Générez deux rampes à partir de la même couleur de départ bleue — #2563eb, soit oklch(0.546 0.215 262.9) — et placez-les côte à côte. Mêmes dix pas, même courbe de luminosité, même teinte. Dans la première rampe, la couleur monte progressivement et brûle le plus vivement autour des pas du milieu, là où vivent les boutons et les liens ; les teintes claires restent discrètes. Dans la seconde, la vivacité arrive tôt : les pas 100–300 — les teintes que vous utiliseriez pour les remplissages au survol et les surfaces colorées — portent visiblement plus de couleur, et la rampe a dépensé l’essentiel de son budget de saturation avant le milieu. Aucune des deux rampes n’est fausse. Ce sont deux réponses à une question à laquelle toute échelle de couleur générée doit répondre quelque part.

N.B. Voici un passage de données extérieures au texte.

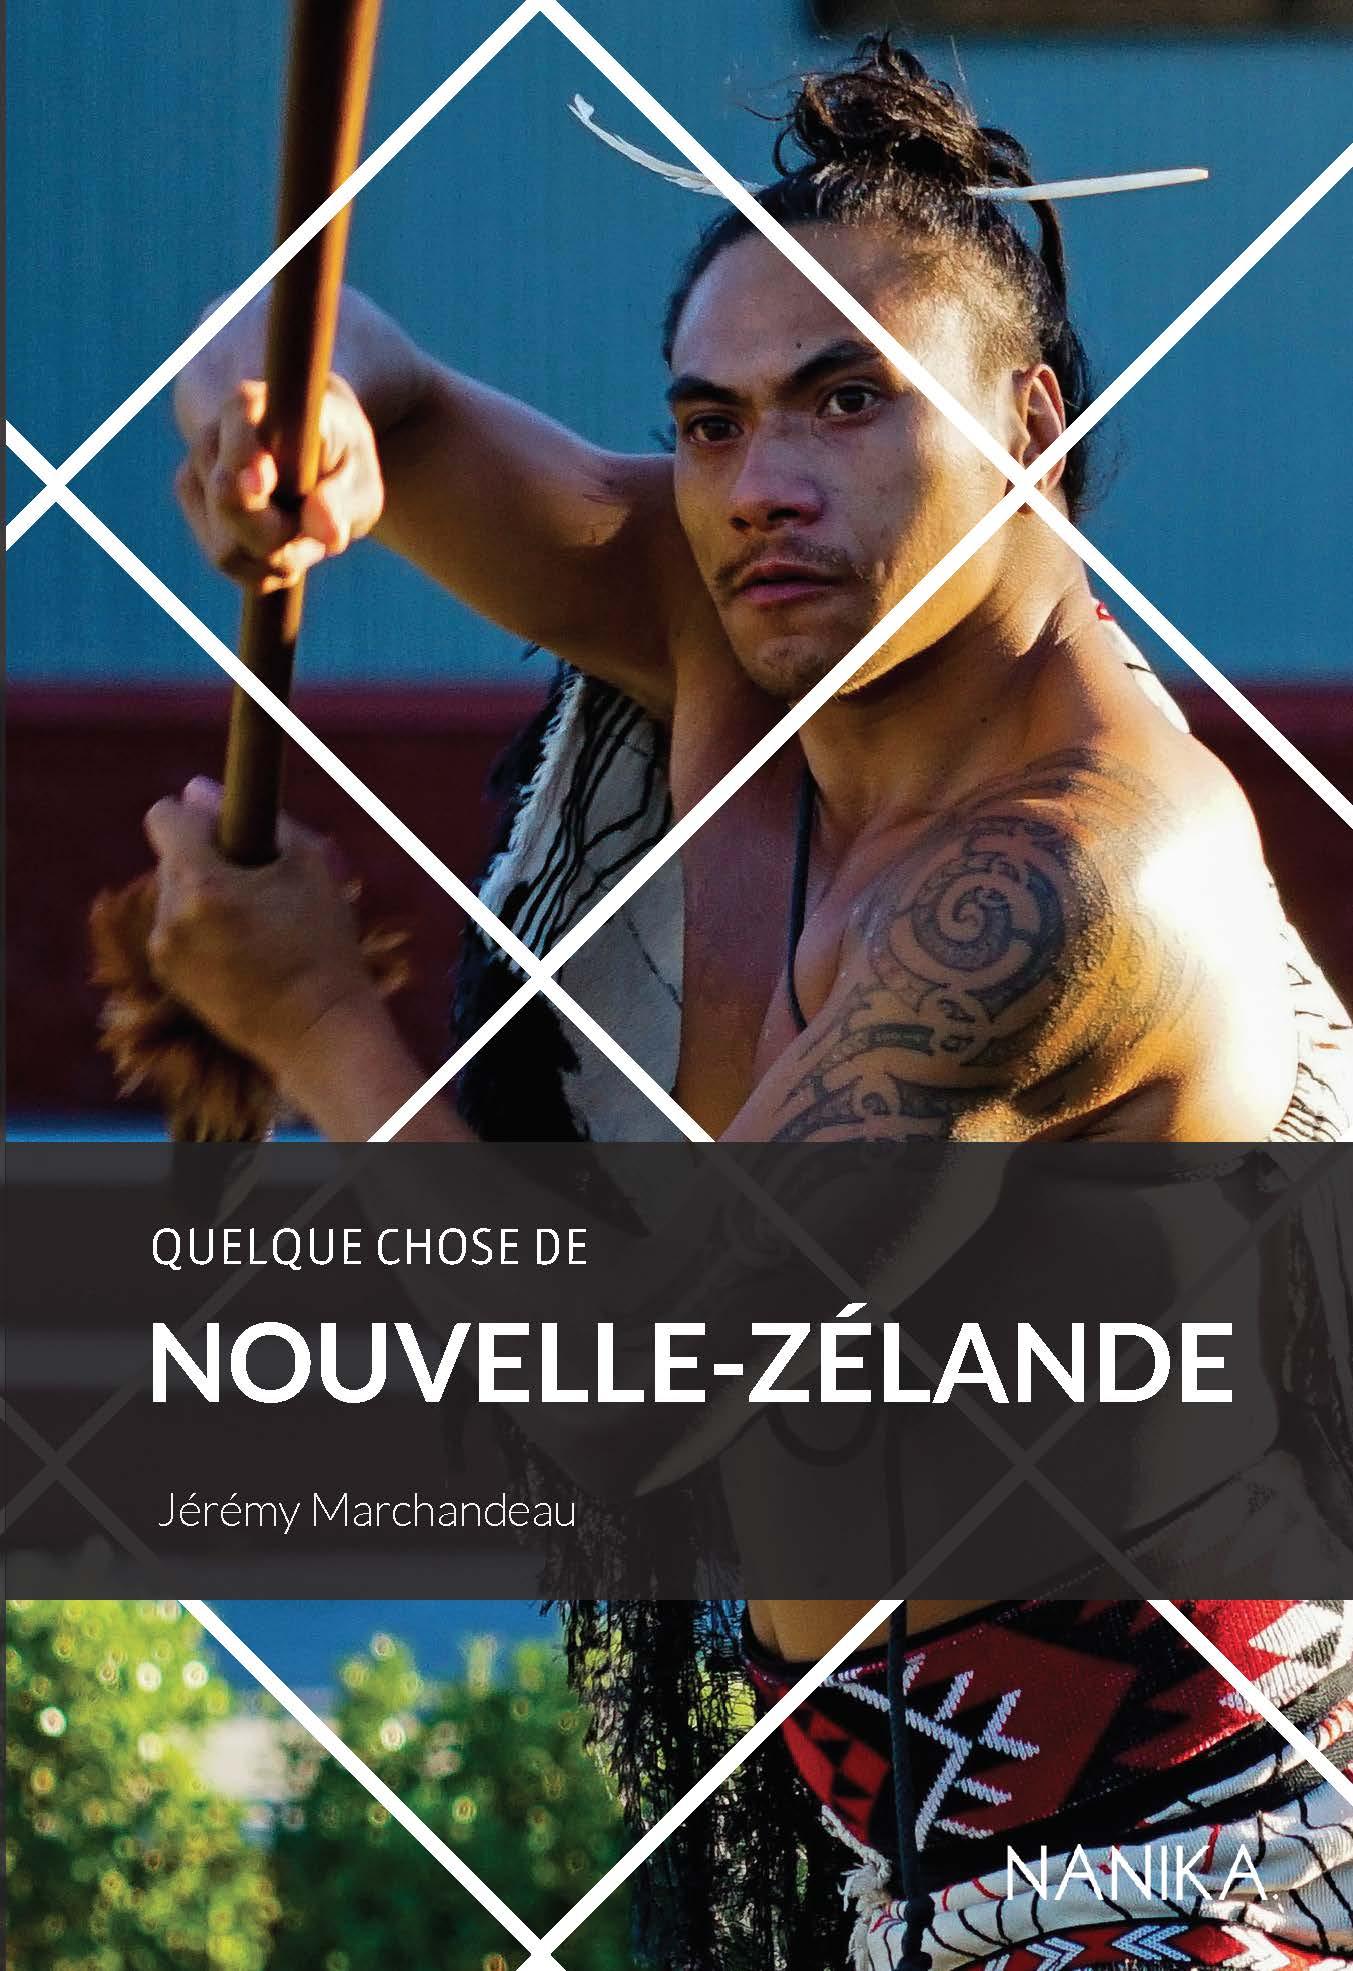 Quelque chose de Nouvelle-Zéalande par Jeremy Marchandeau aux éditions Nanika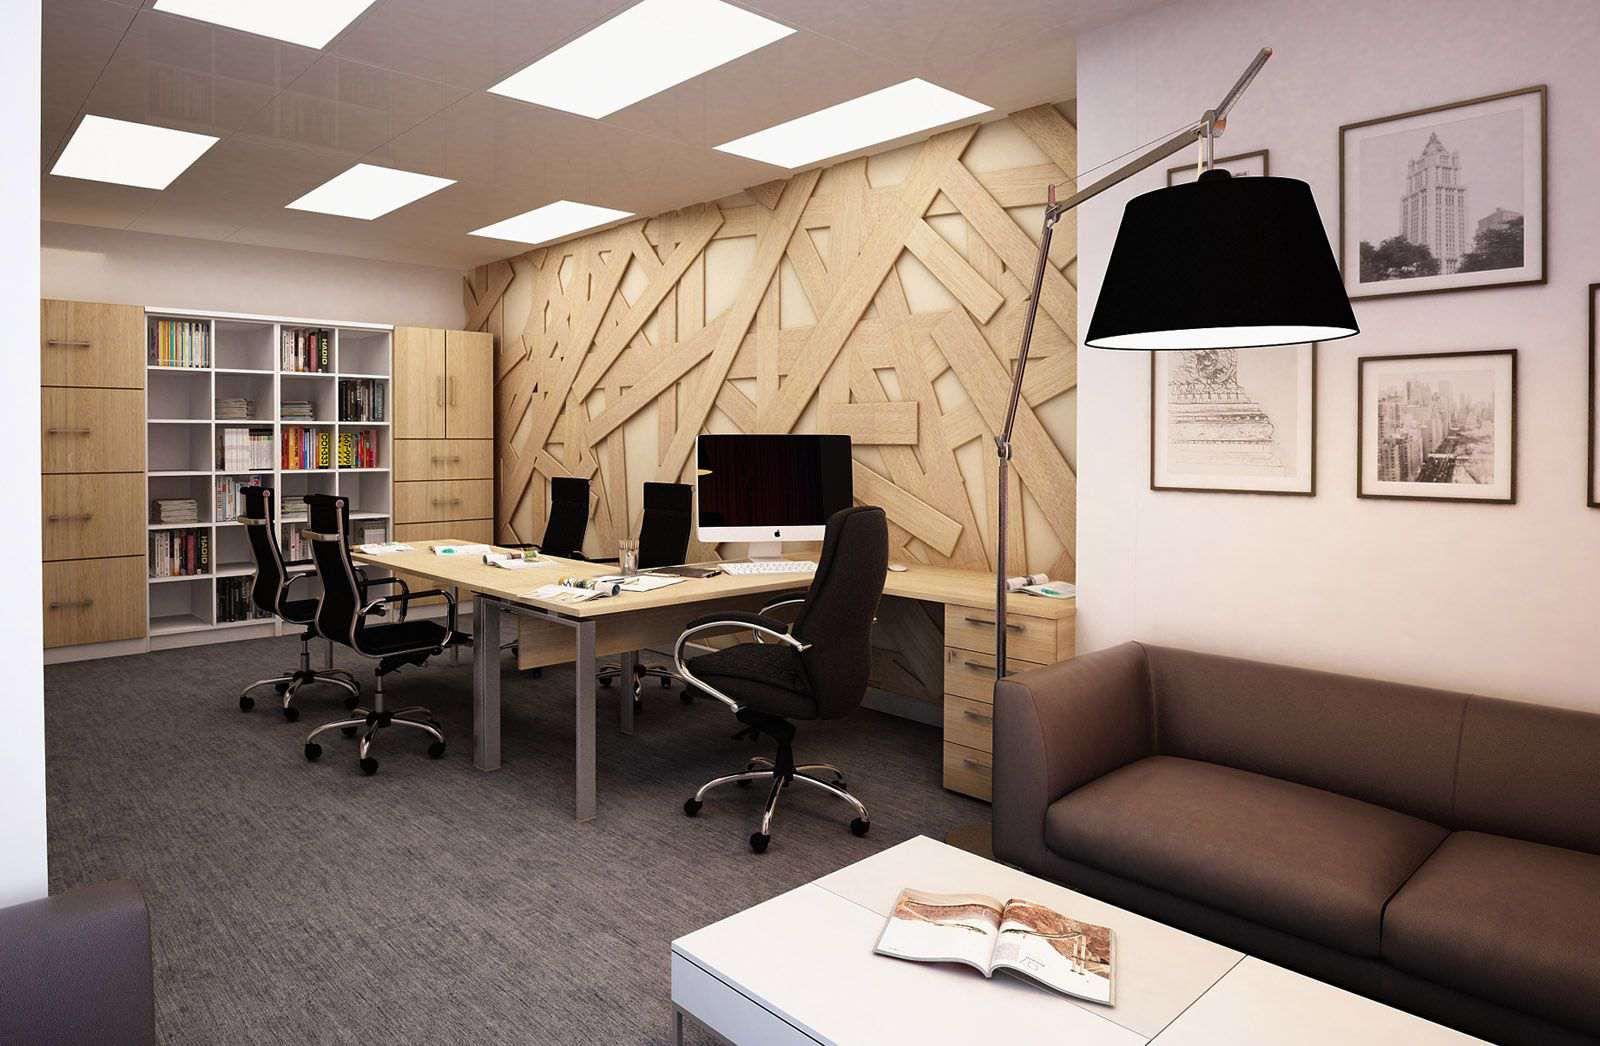 Интерьер офисного кабинета со стойками для посетителей в отдела кадров

Cette réponse, c’est le profil de chroma : le plan de saturation de la rampe — une courbe qui décide où, le long de l’échelle, la coloration culmine et comment elle décroît vers les extrémités. Une rampe ne peut pas maintenir une saturation constante : près du blanc et près du noir, le gamut ne laisse presque aucune place à la couleur, et même entre les deux, une saturation uniforme rend mal — c’est pourquoi une échelle bien construite façonne le chroma délibérément, montant vers un pic là où la palette travaille le plus, s’atténuant vers les extrêmes, et conservant un plancher pour que les extrémités ne virent jamais au gris complet. Choisir cette forme est le sujet de cet article, qui fait partie de notre guide des échelles de couleur. (Le chroma est la mesure absolue de coloration d’OKLCH — la distinction formelle entre coloration, chroma et saturation est un sujet à part entière ; ici, il suffit de retenir que plus de chroma signifie plus de couleur.)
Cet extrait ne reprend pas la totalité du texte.